AMD plans AI chip debut by year-end

Advanced Micro Devices on Aug. 1 forecast a strong finish to the year, driven by the planned launch of artificial-intelligence chips that could compete with Nvidia semiconductors.

CEO Lisa Su said AMD is set to ramp up production of its flagship MI300 artificial-intelligence chips in the fourth quarter. The accelerator chips, which are in short supply, are designed to compete against the advanced H100 chips already sold by Nvidia.

Su said customer interest in the MI300 series chips is “very high” and AMD expanded its work with “top-tier cloud providers, large enterprises and numerous leading AI companies” during the third quarter.

Investors are betting that MI300 chips, due for release later this year, will challenge Nvidia in the surging market for advanced AI chips.

MI300s exceed the performance limits for sale to China under export controls issued in October, and unlike Nvidia and Intel, AMD has yet to create special chips for the lucrative Chinese market.

Nvidia modified its H100 chips to comply with U.S. Commerce Department restrictions on advanced AI semiconductor sales to China. AMD is mulling a similar strategy with its MI300 and older MI250 chips,Su said on a conference call with analysts on Aug. 1.

“Our plan is to, of course, be fully compliant with U.S. export controls. But we do believe there’s an opportunity to develop product[s] for our customer set in China that is looking for AI solutions, and we’ll continue to work in that direction.”

AMD has not given a detailed full-year forecast but said it expects 2023 sales in its data center business, including MI300 chips, to exceed the $6.04 billion in 2022.

Jenny Hardy, portfolio manager at GP Bullhound, which owns Nvidia and AMD stock, said Nvidia still faces supply constraints, leaving an opening for AMD’s chip.

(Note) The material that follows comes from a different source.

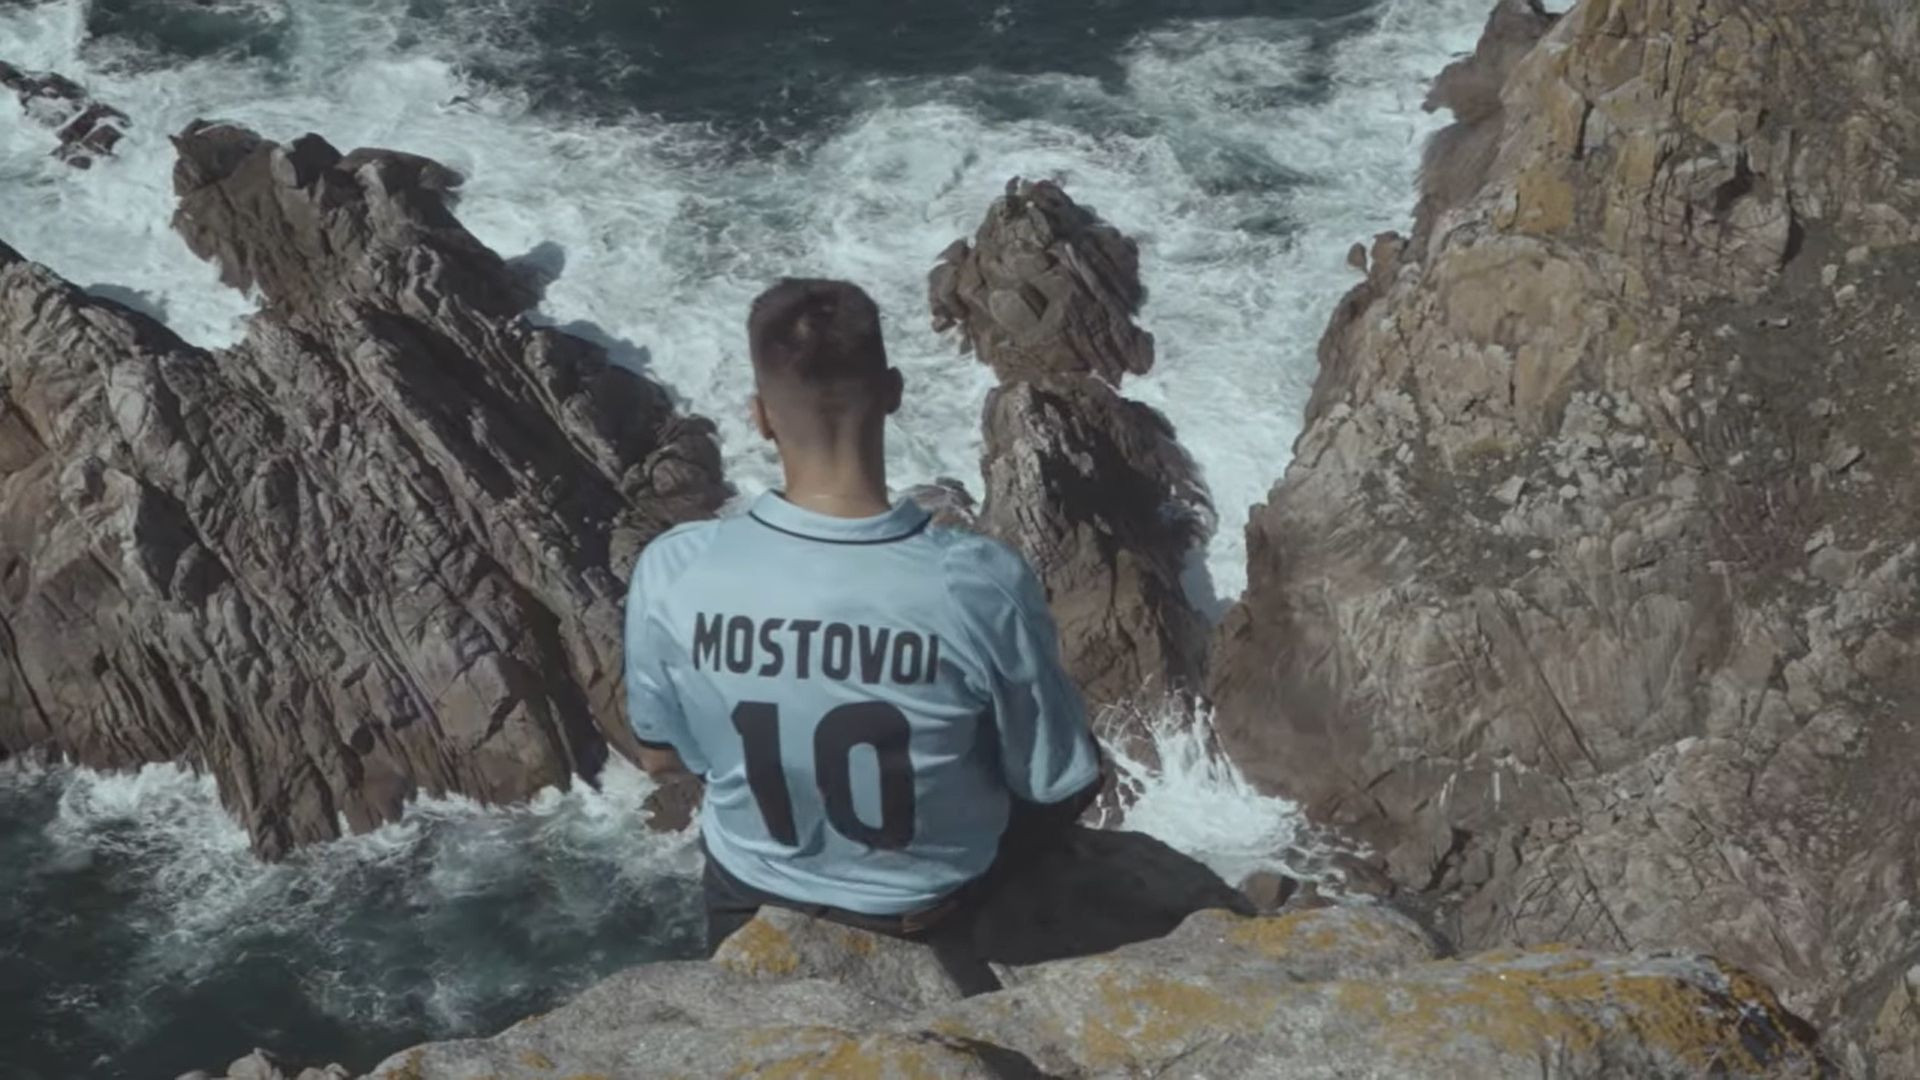 Dirty Suc luce una de las míticas camisetas de Alexander Mostovoi en el videoclip de la canción homónima

“If AMD can ramp production and launch those MI300 chips in the fourth quarter, they will likely see strong demand because plenty of people cannot get their hands on Nvidia chips. So we would assume that AMD can effectively kind of fill some of that supply-demand gap,” Hardy said.

AMD has enough components for MI300 chips for an “aggressive” launch in the fourth quarter, and ample supply for 2024, Su said.

Su cited “strong interest” in its older MI250 chip, which remains a “very good option” for less complicated AI tasks.